## Problem details:
As an exercise in exact copying, transcribe the lines below from the one holding "The suburbs of Kathmandu" through the last, with both ends included and pictures left out.

## Dataset excerpt:
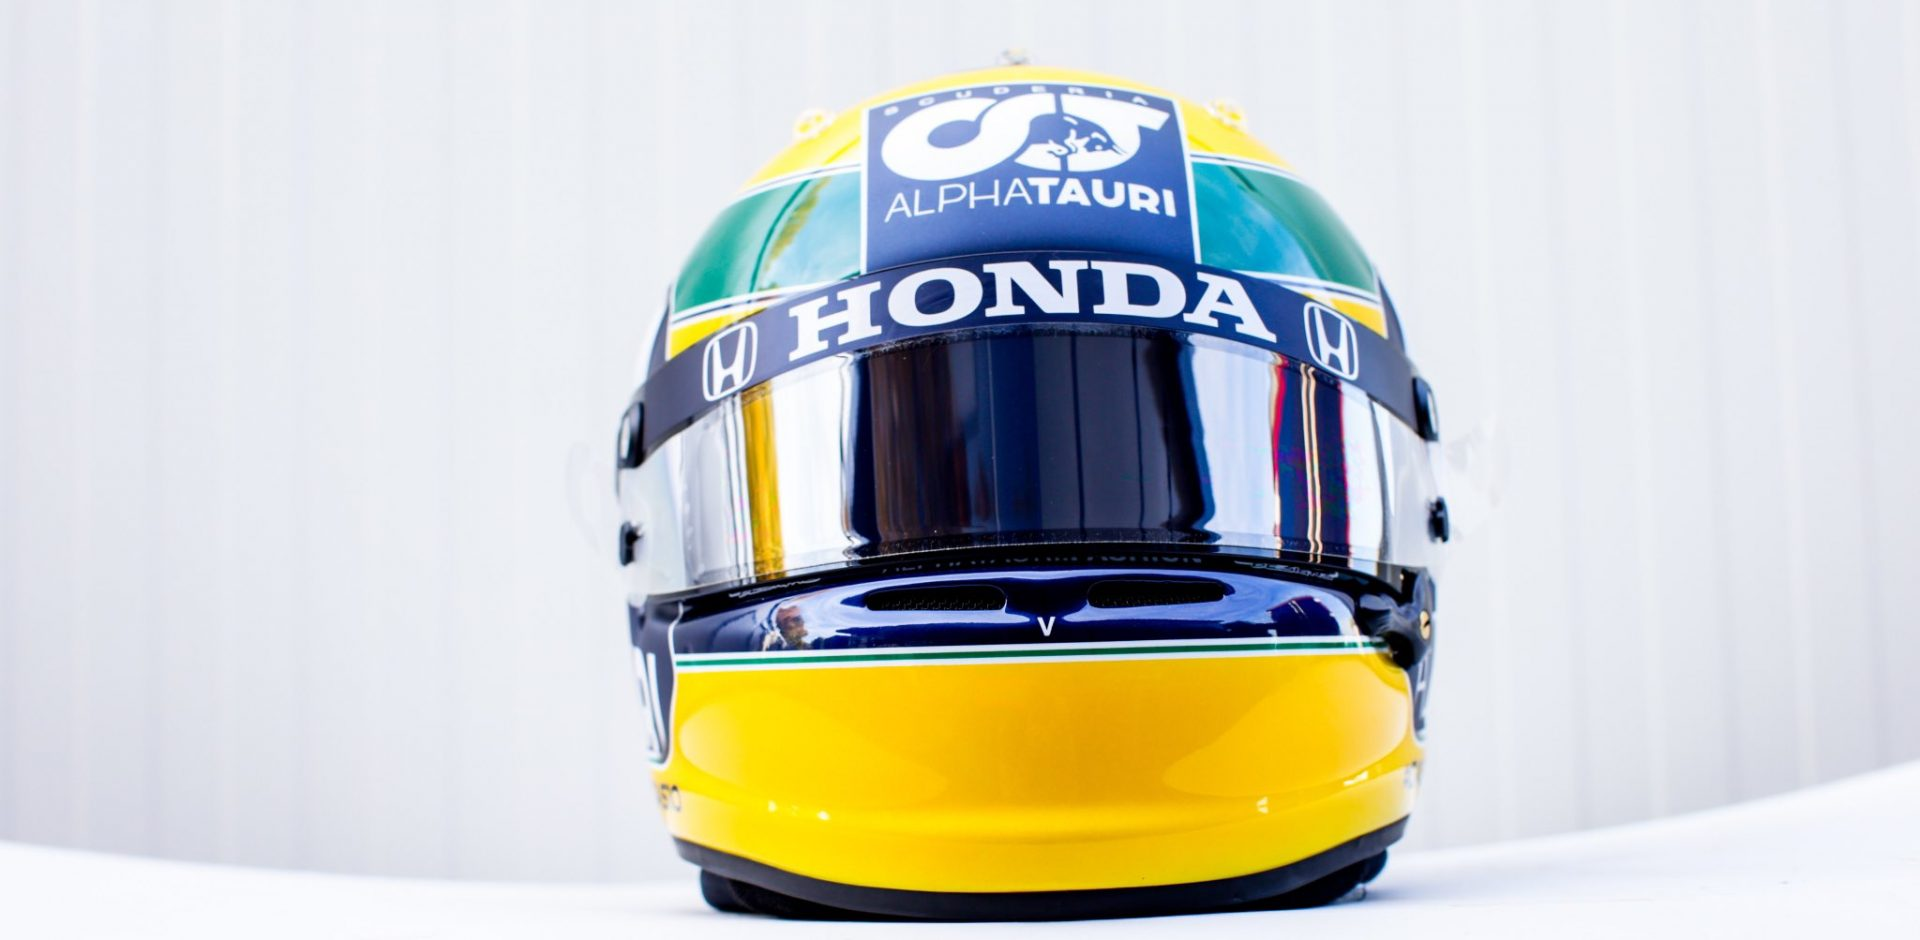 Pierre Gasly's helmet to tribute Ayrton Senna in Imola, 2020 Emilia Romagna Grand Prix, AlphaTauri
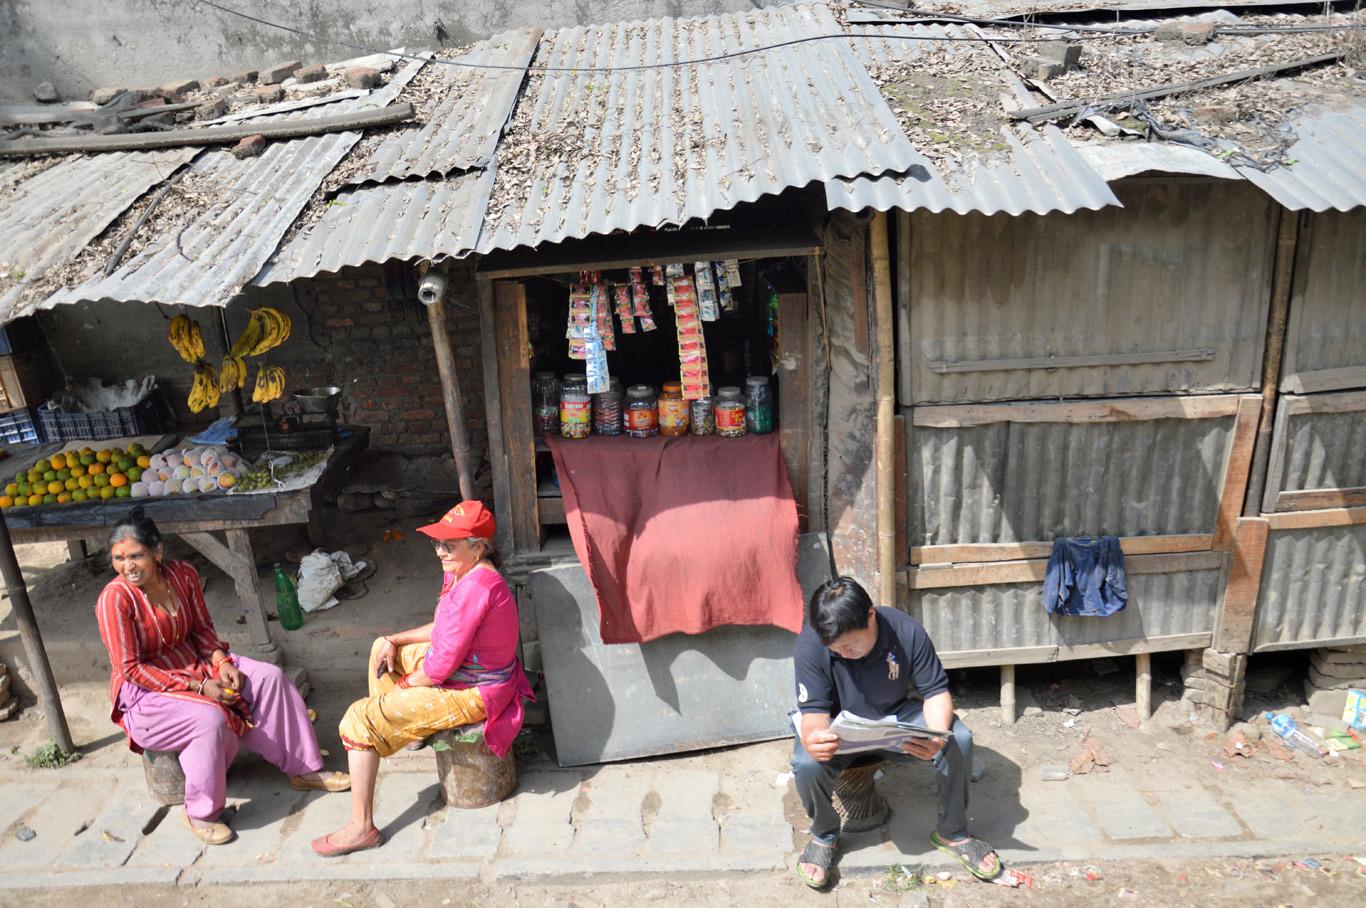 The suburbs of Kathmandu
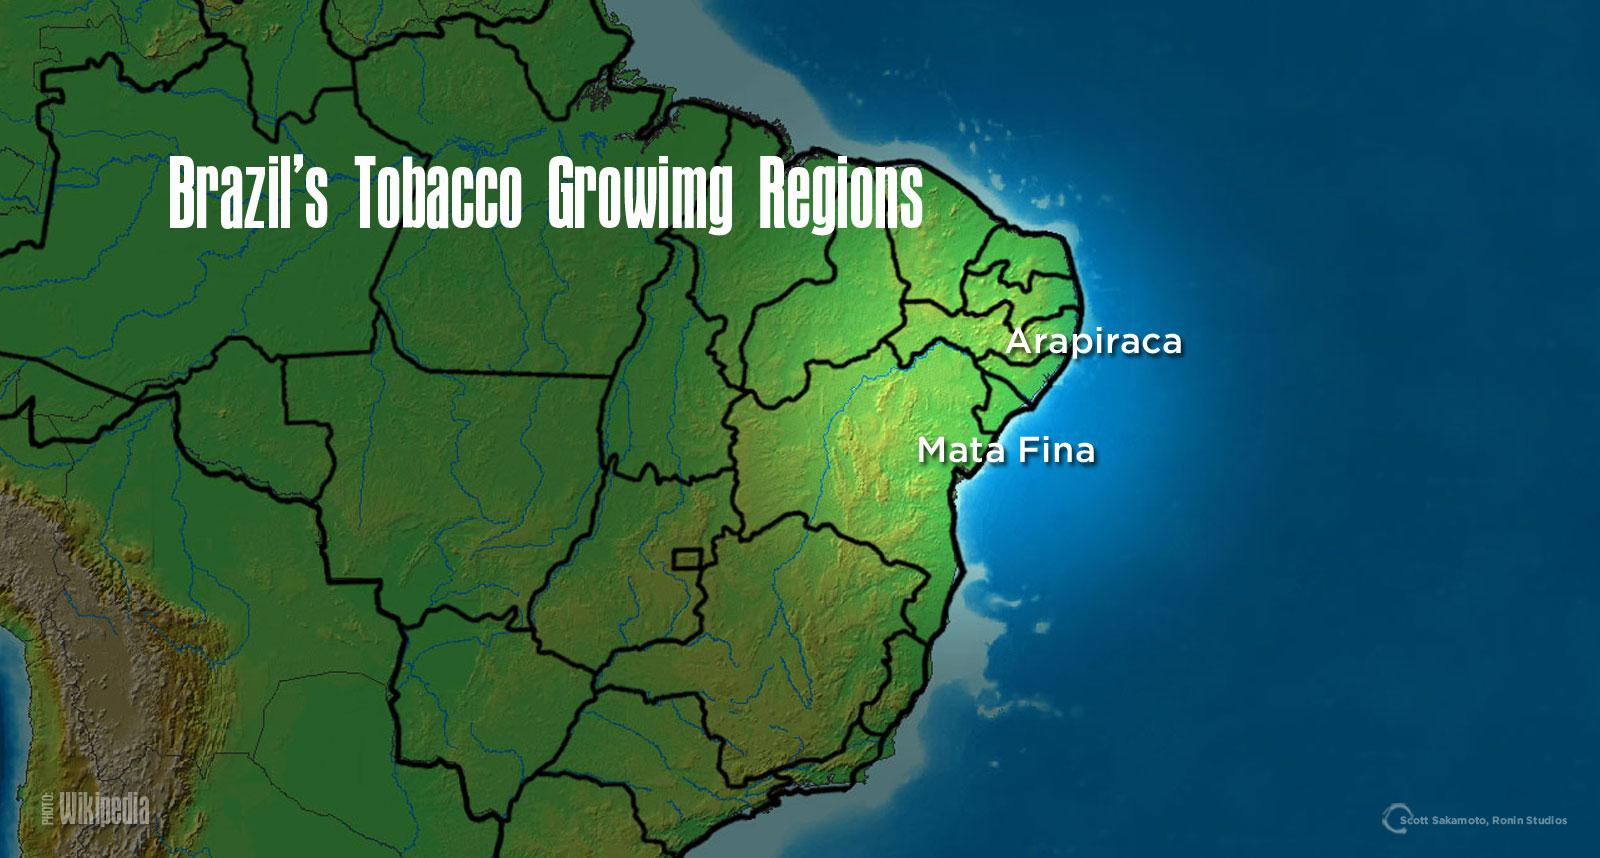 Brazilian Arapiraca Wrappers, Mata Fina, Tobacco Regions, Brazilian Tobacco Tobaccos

## Result of the exercise:
 The suburbs of Kathmandu
 Brazilian Arapiraca Wrappers, Mata Fina, Tobacco Regions, Brazilian Tobacco Tobaccos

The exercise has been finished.